The throne speech also commits to opening 102 new staffed health-care beds — though it doesn't indicate where the beds will be — and to develop a new strategy to reduce emergency room wait times, which will include benchmarks, Kinew said.
It will replace a wait times reduction strategy the former PC government commissioned in 2016, its first year in office.
"And how did that one go?" said Kinew, who then proceeded to speak about the PCs consolidating emergency departments and wait times trending upwards.
PC health critic Kathleen Cook said she's surprised the NDP is only now talking about a wait time strategy.

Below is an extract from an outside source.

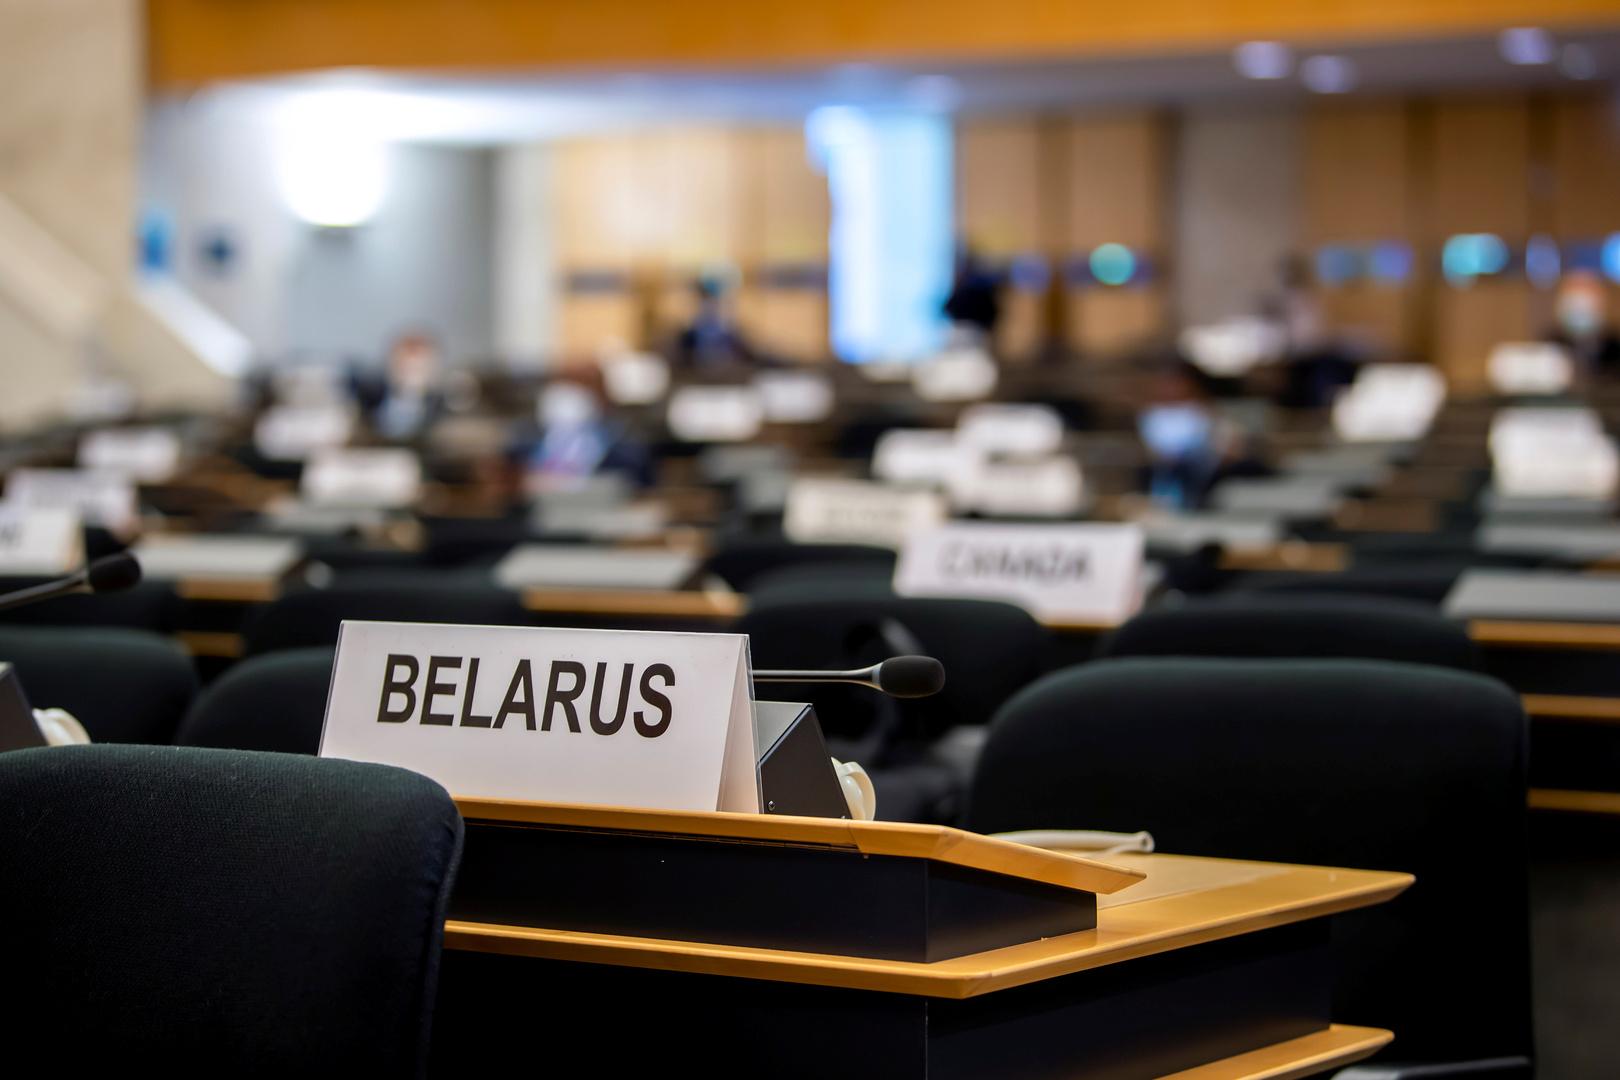 مجلس حقوق الإنسان الأممي يتبنى قرارا بشأن بيلاروس.. ومينسك تصفه بـ

"I think for a party that campaigned solely on health care [in the last election], I think Manitobans could expect that they would have a strategy in place and be already implementing it."
Beginning in December, Manitobans can apply for a new plastic health card. The cards will feature an image of the northern lights, the design that got the most votes in a government-run contest.
The throne speech states a new statue will be commissioned for the front lawn of the legislative building, replacing the Queen Victoria statue that was torn down by protesters in 2021 during a demonstration over the deaths of Indigenous children at residential schools.
The new monument will feature a mother and child bison that will be "a symbol of all Manitobans" and acknowledge how the history of residential schools harmed the bonds between parent and child, the throne speech states.
"I think there's an opportunity here to send a values message about who we are as Manitobans," Kinew said.
The previous statue, which the former government said was beyond repair and will not be restored, will be displayed and honoured in some fashion, the throne speech vows.
The statue "carried great historical, cultural and emotional significance to Manitobans," according to the speech, and a group of cultural institutions, museums and history and heritage experts will decide how best to display it.
Kinew is also vowing to create a new honour for veterans that consists of a physical component and an official ceremony.
On education, the throne speech commits to requiring all Grade 9 students to complete a unit on financial literacy and to introduce a new program that sends high school students to the battlefields of the First and Second World War.
The province will establish an all-party committee tasked with protecting local journalism in light of shrinking advertising revenues and the growing influence of misinformation and polarization.
The government will also speed up the process of hooking up new buildings to the power grid, which the throne speech says will ensure new homes and businesses get built faster.